In the 16 LTT patients, the CD4 cell counts (678 measurements) showed a continuous increase from a median baseline of 200 (16–519) to 712 (349–1144) cells/μl at year 10 (Fig. 1a) in the following three slopes: the first rapid slope of +191 cellsD4/μl per year (IQR = 47.2) from day 0 to year 1, the second slower slope of +81 cells/μl per year (IQR = 27.1) from years 1 to 3  and the third even slower but still positive slope of +22 cells/μl per year (IQR = 9) between years 3 and 10. These three positive slopes significantly differed from zero at each time point (P < 0.02, Wilcoxon test). At the time of analysis, the CD4 cell counts did not differ between STT and Elite HIV controllers patients (Mann–Whitney test): 560 (124–1338) and 715 (559–902) cells/μl, respectively.

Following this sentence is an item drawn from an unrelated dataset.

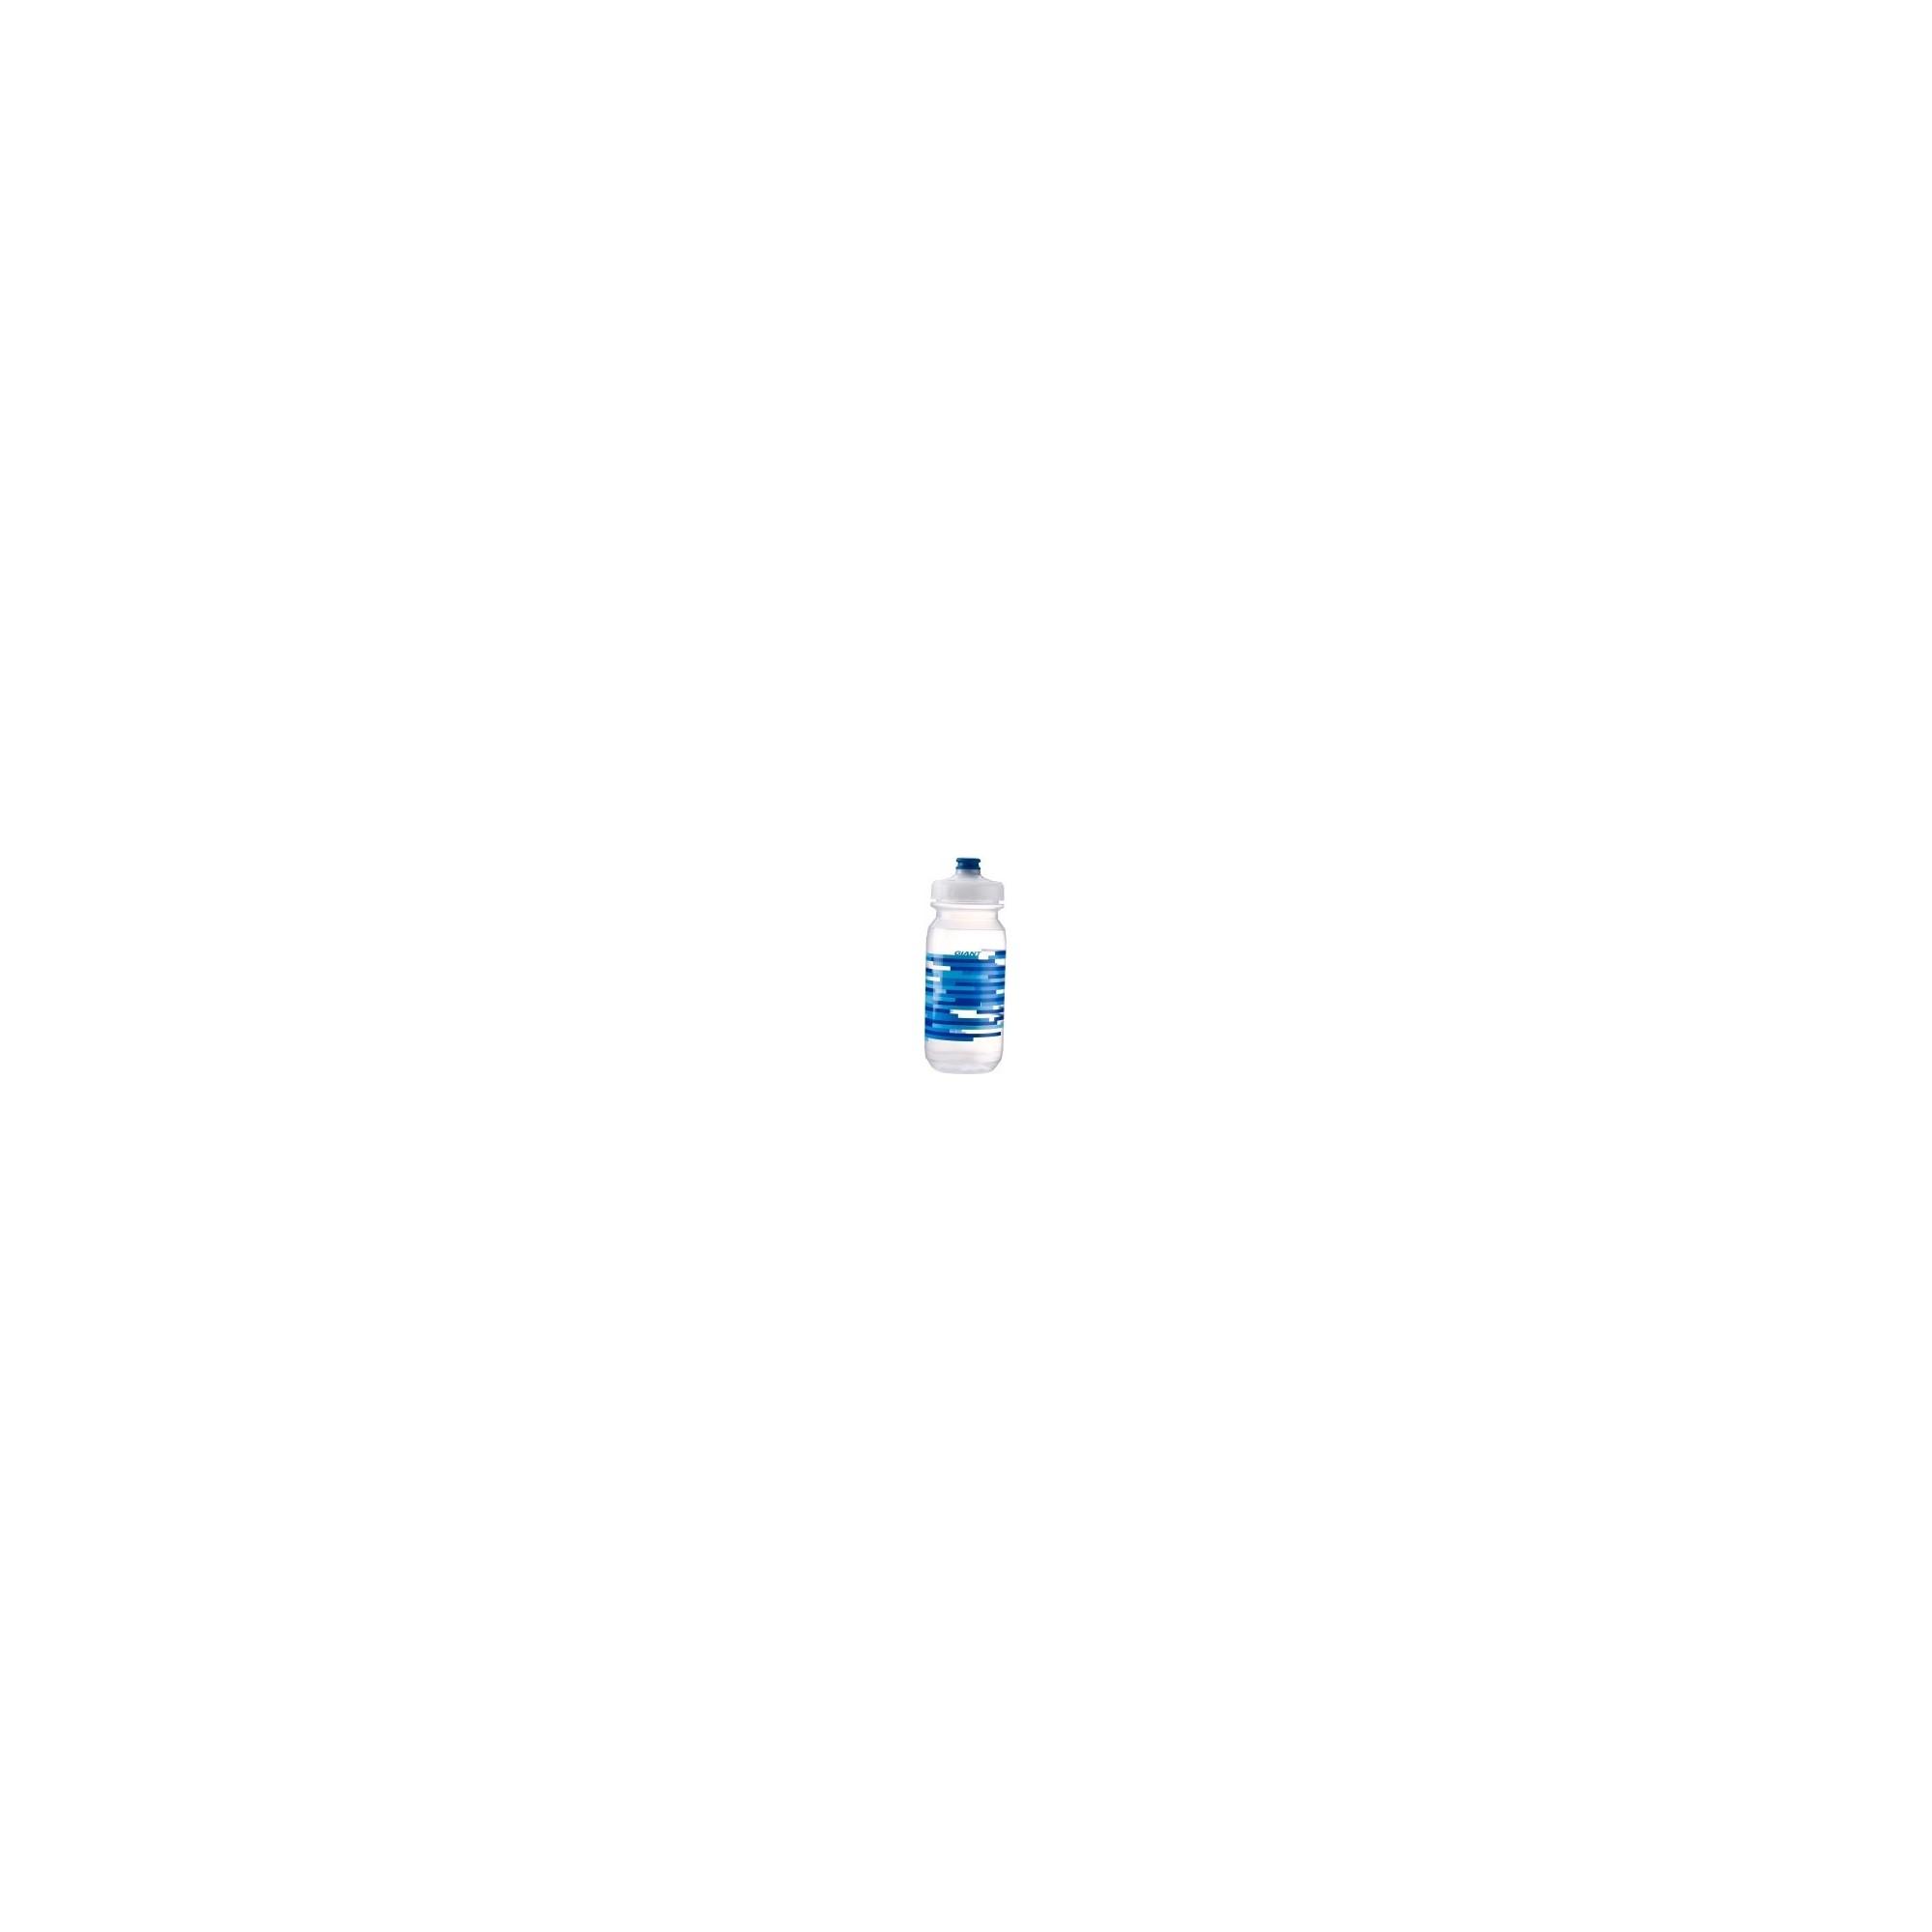 Bidon velo Giant transparent-bleu doubleSpring rapide 600 & 750ml

HIV plasma viral loads were below 1 copy/ml in 14/16 LTT and 8/13 STT patients, whereas they were detectable in 9/11 Elite HIV controllers [median 46 (1–530) copies/ml] (Fig. 1b). The median cell-associated HIV DNA in the 16 LTT patients was 157 (5–632) copies/106 cells, lower but not significantly lower than that in the eight STT patients tested [353 (126–2240) copies/106 cells] (P = 0.05, Mann–Whitney test) but significantly higher than that in the Elite HIV controllers [50 (20–170) copies/106 cells] (P < 0.01) (Fig. 1c). Stronger proliferative T-cell responses to HIV-p24 were detected in LTT with higher stimulation indexes [median 12 (2–80)] than in both STT [median 3 (1–53)] (P = 0.03) and Elite HIV controllers [median 3 (1–74)] (P = 0.13, Mann–Whitney test) (Fig. 1d). These responses were mediated by CD4+ T cells as shown in the BrdU proliferation assay for seven LTT patients tested (data not shown). HIV-specific T cells producing IFN-γ ex vivo were significantly lower in LTT than in Elite HIV controllers [median 227 (0–4067) and 2594 (160–11 167) spot-forming cells/106 PBMCs, P < 0.01] (Fig. 1e).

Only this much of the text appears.